RELATED: Michigan State's new alternate is being called the worst college football uniform of all time

Fugghedaboutit

Well Florida, here’s the good news: You narrowly avoided a second consecutive upset at the hands of Kentucky. The bad news? You had to score 19 unanswered 4th-quarter points to pull it off and lost quarterback Feleipe Franks to a gruesome ankle injury in the process. Franks is now out for the season, which, for Florida, no longer carries any realistic CFP aspirations. It was always going to be a long shot to survive one of Auburn and LSU in the West and Georgia in the East just to get a shot in the SEC Championship, but now the dream is well and truly dusted. On the bright side, they'll have opportunities to hammer Tennessee next week and Florida State in the regular season finale, which should help to sooth the scaly souls of Gator nation as they plummet headlong into a newly pointless season.

Hopeless College Football Moment of the Week

Let's get this out of the way right now: Michigan State were abysmal on Saturday, but they shouldn't have lost...at least in regulation. The weekend's stupidest sequence of sports events began when Matt Coghlin trotted onto the field to attempt a game-tying field goal, which he summarily drilled. The only problem? Sparty had twelve men on the field. After the five-yard penalty, Coghlin took at a whack at the now 47-yarder and absolutely shanked it.

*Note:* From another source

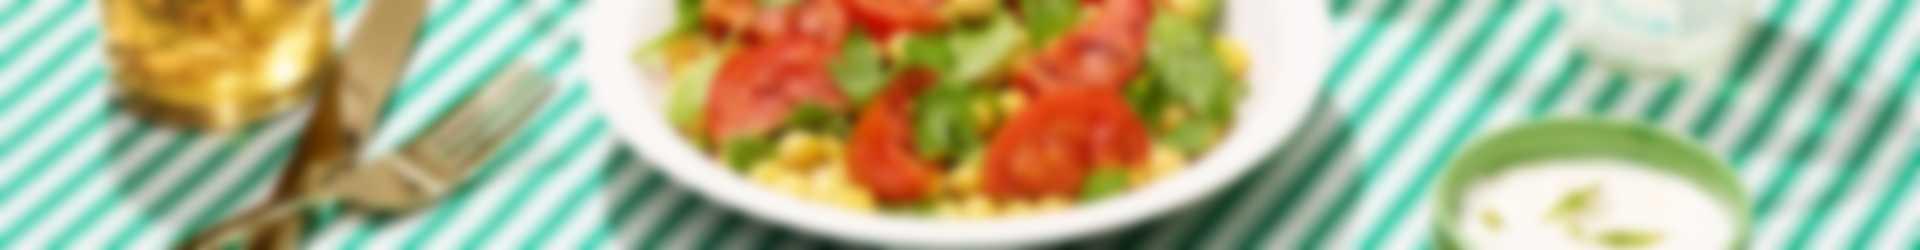 gegrilde-tomaten

Arizona State celebrated the win, but as everyone, including the official Pac-12 officiating office, quickly noted, Coghlin should have gotten a third kick from the original 42-yard distance after a Sun Devils player was not flagged for leaping over an offensive lineman. Would her have made it? Who knows! But on a football weekend dogged by incompetent officiating, this was yet another unfortunate feather in the cap (a fedora, if we had to guess.)